* Your instructions *
From the listing below, copy each line where "Black" occurs.

+ + + + + + +

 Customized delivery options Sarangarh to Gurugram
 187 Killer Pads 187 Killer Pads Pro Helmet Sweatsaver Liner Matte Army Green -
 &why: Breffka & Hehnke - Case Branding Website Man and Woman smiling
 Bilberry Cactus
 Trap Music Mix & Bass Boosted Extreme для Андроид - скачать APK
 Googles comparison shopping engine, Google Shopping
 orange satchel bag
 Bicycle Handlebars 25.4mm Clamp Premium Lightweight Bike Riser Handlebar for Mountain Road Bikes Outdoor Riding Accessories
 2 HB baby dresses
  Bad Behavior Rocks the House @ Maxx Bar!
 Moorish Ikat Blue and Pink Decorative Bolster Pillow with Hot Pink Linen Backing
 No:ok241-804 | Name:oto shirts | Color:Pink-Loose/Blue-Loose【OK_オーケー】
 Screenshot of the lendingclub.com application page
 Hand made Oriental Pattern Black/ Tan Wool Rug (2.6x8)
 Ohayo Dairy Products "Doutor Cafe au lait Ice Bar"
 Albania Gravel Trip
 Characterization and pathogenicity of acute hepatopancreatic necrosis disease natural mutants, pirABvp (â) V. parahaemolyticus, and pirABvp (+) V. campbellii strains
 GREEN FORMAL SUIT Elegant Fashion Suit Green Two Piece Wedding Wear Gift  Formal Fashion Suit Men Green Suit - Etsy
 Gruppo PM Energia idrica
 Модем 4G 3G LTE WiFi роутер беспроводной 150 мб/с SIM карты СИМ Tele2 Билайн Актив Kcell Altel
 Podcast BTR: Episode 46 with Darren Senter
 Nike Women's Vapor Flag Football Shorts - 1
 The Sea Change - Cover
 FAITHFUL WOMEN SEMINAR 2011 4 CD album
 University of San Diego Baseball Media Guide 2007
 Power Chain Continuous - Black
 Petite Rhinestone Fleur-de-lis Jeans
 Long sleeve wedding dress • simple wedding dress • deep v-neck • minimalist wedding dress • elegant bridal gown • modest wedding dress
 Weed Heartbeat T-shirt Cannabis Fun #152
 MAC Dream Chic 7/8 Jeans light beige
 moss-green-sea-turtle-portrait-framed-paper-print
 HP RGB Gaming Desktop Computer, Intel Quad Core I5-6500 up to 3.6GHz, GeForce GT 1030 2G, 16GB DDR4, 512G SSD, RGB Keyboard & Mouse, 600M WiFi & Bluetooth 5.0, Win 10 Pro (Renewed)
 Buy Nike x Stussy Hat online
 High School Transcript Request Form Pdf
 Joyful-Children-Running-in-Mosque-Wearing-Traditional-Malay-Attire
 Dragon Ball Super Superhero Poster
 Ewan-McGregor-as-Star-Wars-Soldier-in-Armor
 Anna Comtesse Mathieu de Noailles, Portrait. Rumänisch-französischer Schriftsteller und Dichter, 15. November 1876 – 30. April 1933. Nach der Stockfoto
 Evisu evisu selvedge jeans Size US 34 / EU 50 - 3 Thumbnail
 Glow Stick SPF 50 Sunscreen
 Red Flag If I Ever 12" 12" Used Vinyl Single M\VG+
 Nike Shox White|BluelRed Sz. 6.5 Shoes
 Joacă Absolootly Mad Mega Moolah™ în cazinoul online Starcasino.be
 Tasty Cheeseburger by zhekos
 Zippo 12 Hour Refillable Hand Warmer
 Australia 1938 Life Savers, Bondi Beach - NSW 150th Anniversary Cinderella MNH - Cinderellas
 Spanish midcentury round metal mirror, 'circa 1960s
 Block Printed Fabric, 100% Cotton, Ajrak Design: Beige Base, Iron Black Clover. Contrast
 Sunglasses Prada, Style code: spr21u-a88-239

+ + + + + + +

* Reply *
 Hand made Oriental Pattern Black/ Tan Wool Rug (2.6x8)
 Power Chain Continuous - Black
 Block Printed Fabric, 100% Cotton, Ajrak Design: Beige Base, Iron Black Clover. Contrast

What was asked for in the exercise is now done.